Arduino UNO with potentiometer

and the code is:

const byte DIR = 2;
const byte PUL = 3;
int pulsos_por_revolucion = 1000;
int PPR = pulsos_por_revolucion;
float senal = A0;
void girar_derecha();
void girar_izquierda();

void setup() {
  pinMode(DIR, OUTPUT);
  pinMode(PUL, OUTPUT);
  Serial.begin(9600);}

void loop() {
  float sensorReading = analogRead(senal);
  float motorSpeed = map(sensorReading, 0.0, 1023.0, 500, 30000);
  Serial.println(motorSpeed);
  if (motorSpeed < 25000){
  digitalWrite(DIR, LOW);
  for (int i = 0; i < 2; i++){
        digitalWrite(PUL, HIGH);
        delayMicroseconds(motorSpeed);
        digitalWrite(PUL, LOW);
        delayMicroseconds(motorSpeed);}}}

Motor Driver HY-DIV268N-5A 5A 12-42V

<MODERATOR: Please use CODE tags when posing code. you can find the option in the ••• menu on the top of the edit box. I‘ve done it for you this time. Thanks!>

View attachment 274062

Am I correct that you are trying to start, stop and run the motor at a constant speed? If so, that is a suboptimal approach.
At 200 steps per revolution that is 500 steps per second. With careful hardware and firmware design you should be able to do several times that speed before the motor runs out of torque. However, you cannot get to those speeds from a dead stop.

 

You will always have to accelerate up to a high speed. Torque will drop as speed increases.
As MisterBill says the problem is getting the current to rise and fall in the windings quick enough at high speeds.
To do this properly needs low inductance (low voltage) windings fed from a high voltage supply. Either via a resistor - very inefficient or using switching H-bridges (with current monitoring) - good but complex.
Servo motors with position feedback are better for high speeds and high power.

 

Either via a resistor - very inefficient or using switching H-bridges (with current monitoring) - good but complex.
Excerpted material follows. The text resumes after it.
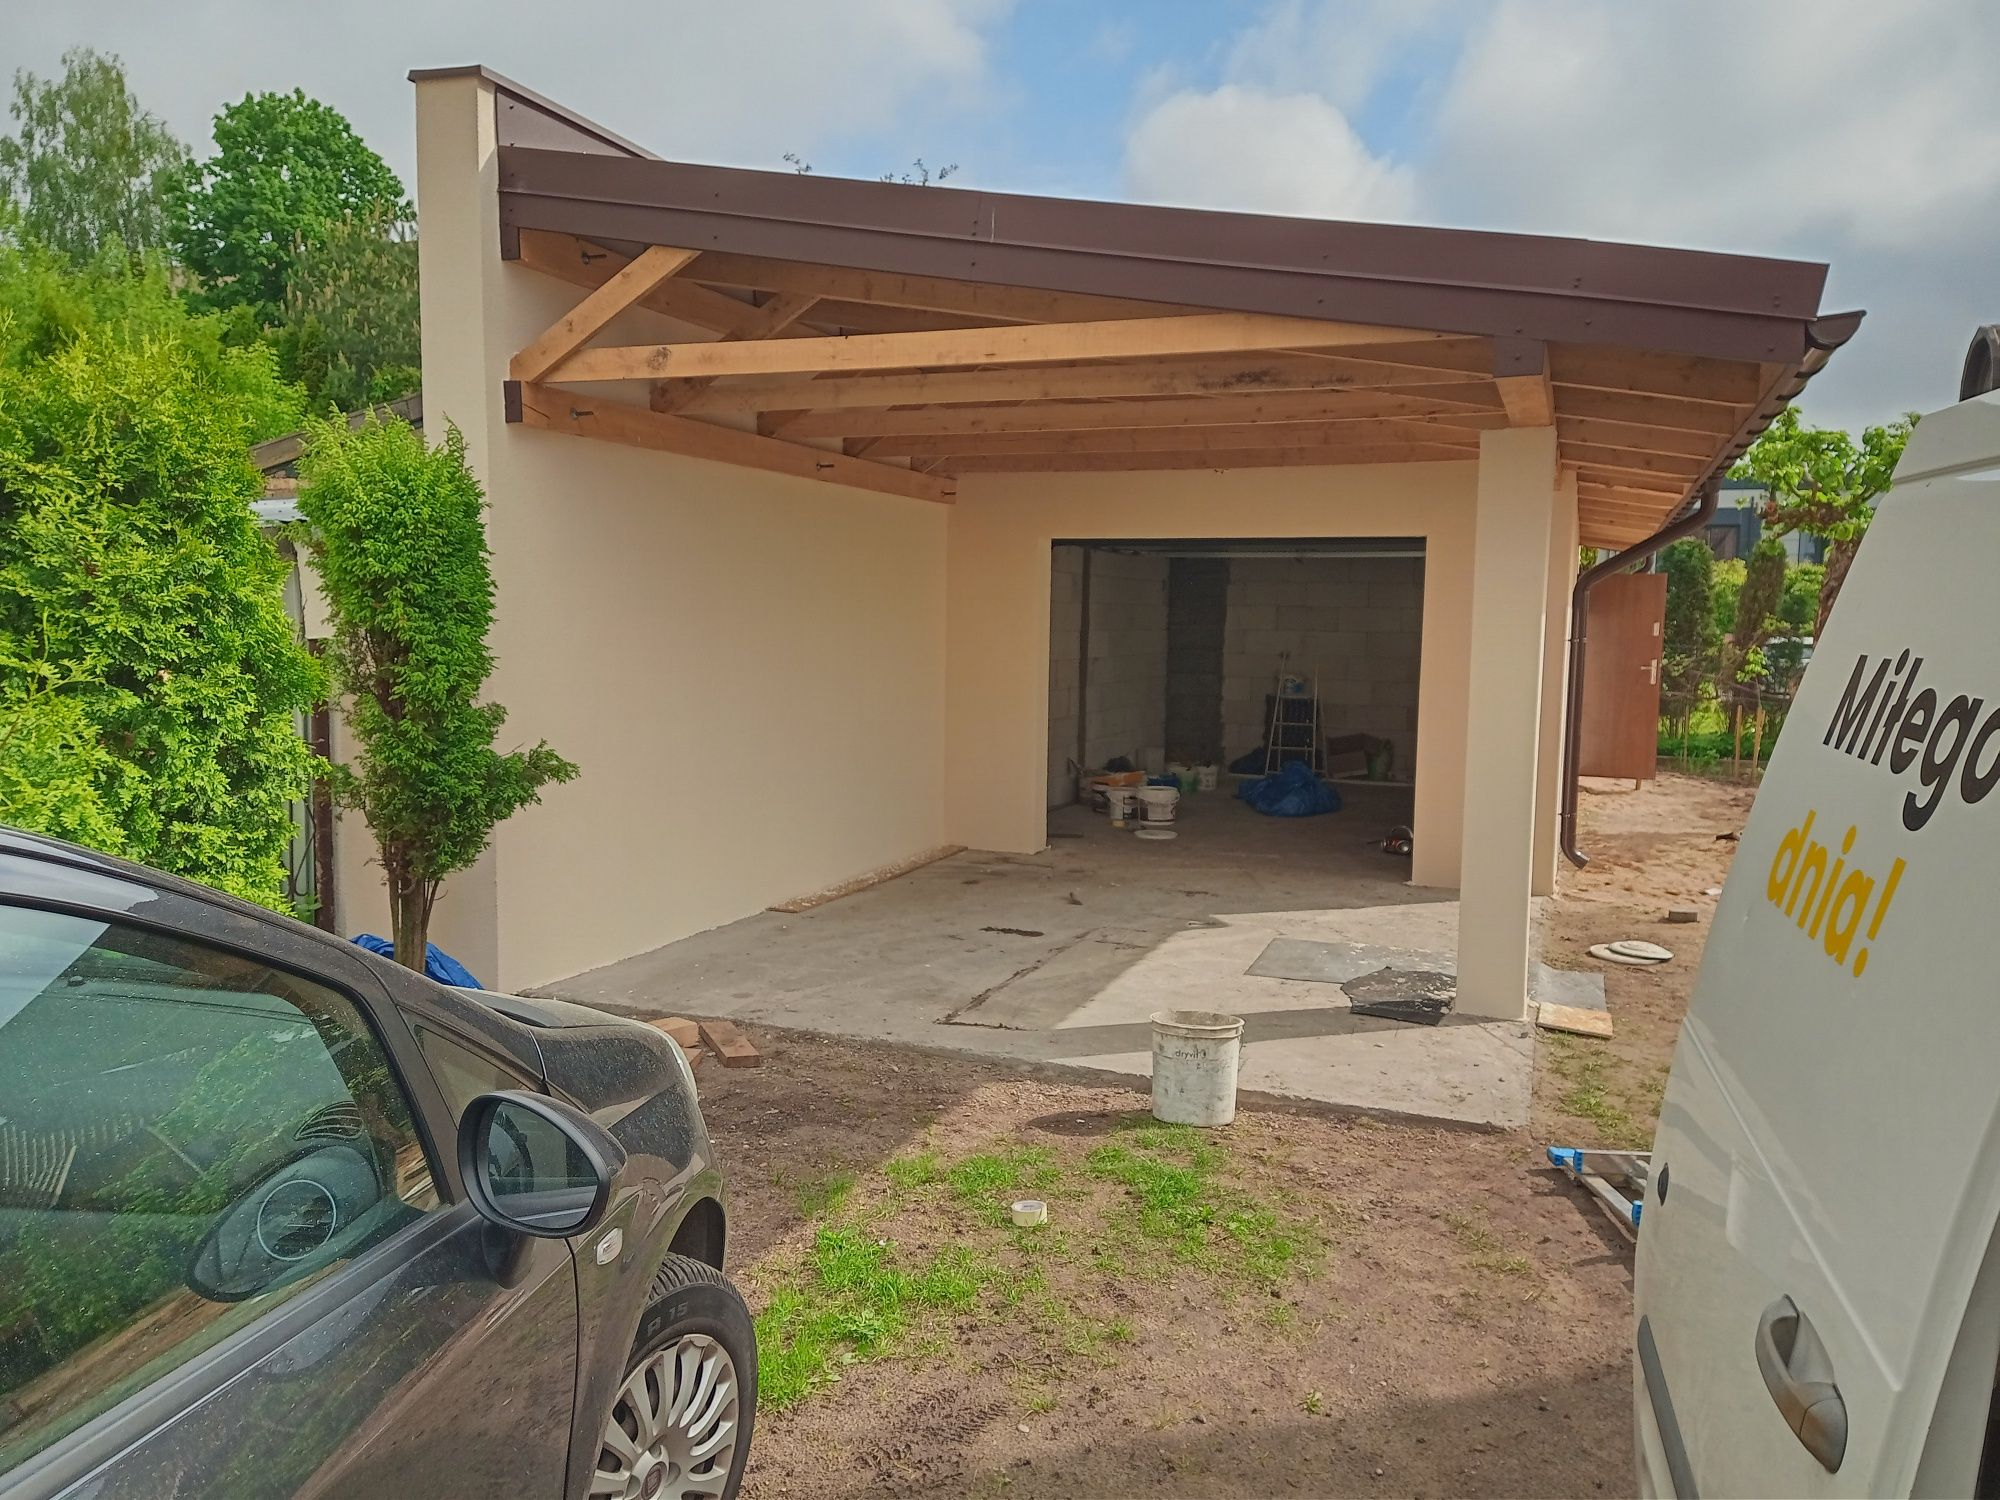 Usługi budowlane, elewacje, konstrukcje drewniane
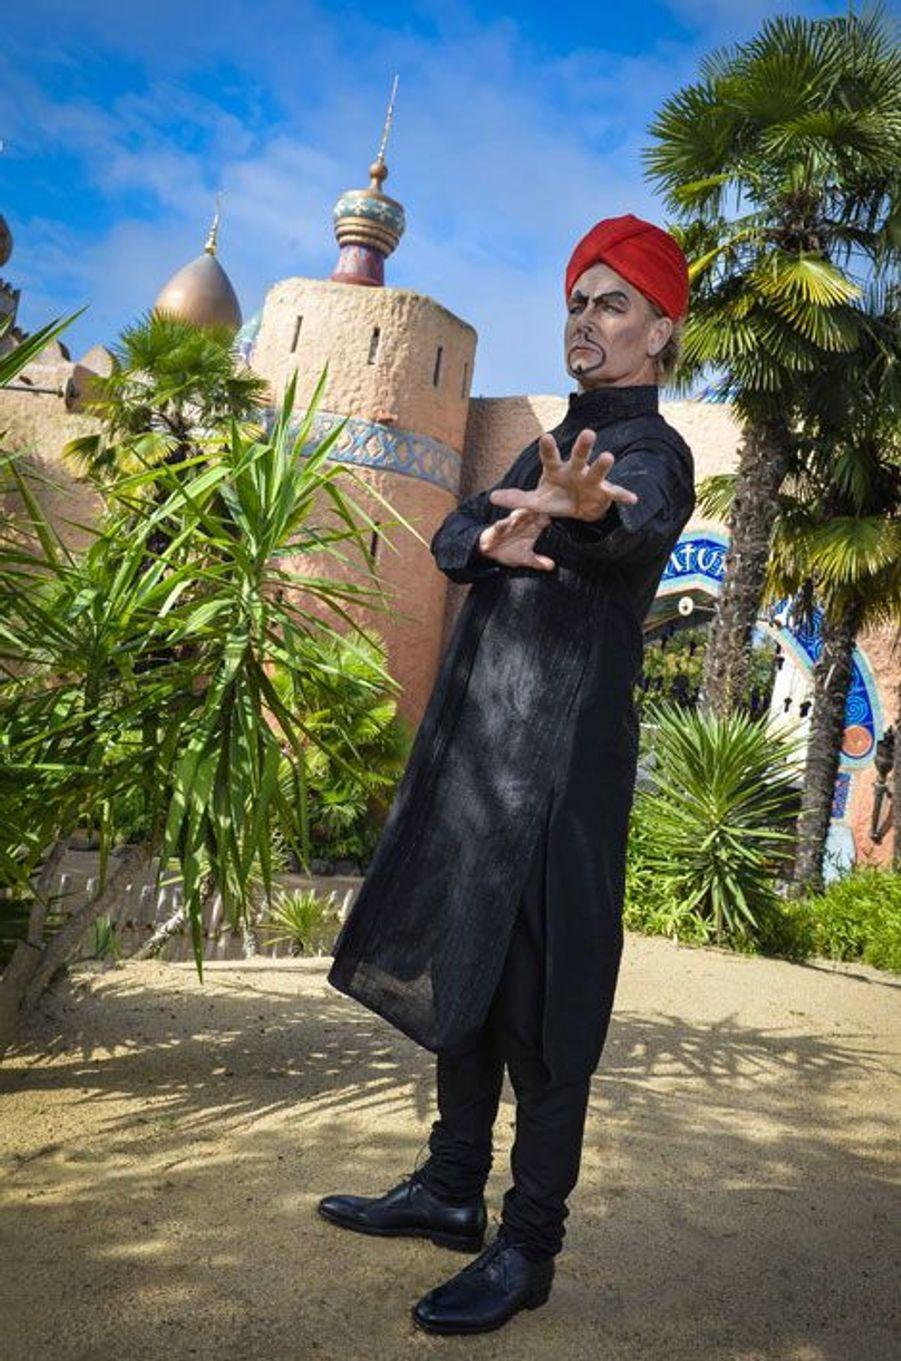 Franck Dubosc devient Jafar le temps d'une journée à Disneyland Paris pour Halloween

All of that is in his stepper driver module. They are the only way to go for steppers and very low cost today. But the speed still needs to be ramped up from a stop, which his micro can be programmed to do.

 

So the next step is to write some cod to ramp up the frequency. I see a driver in the photo, but does the TS know how to program it An actual stepper driver system is much different from an arduino. I suggest reading the manual for the driver module.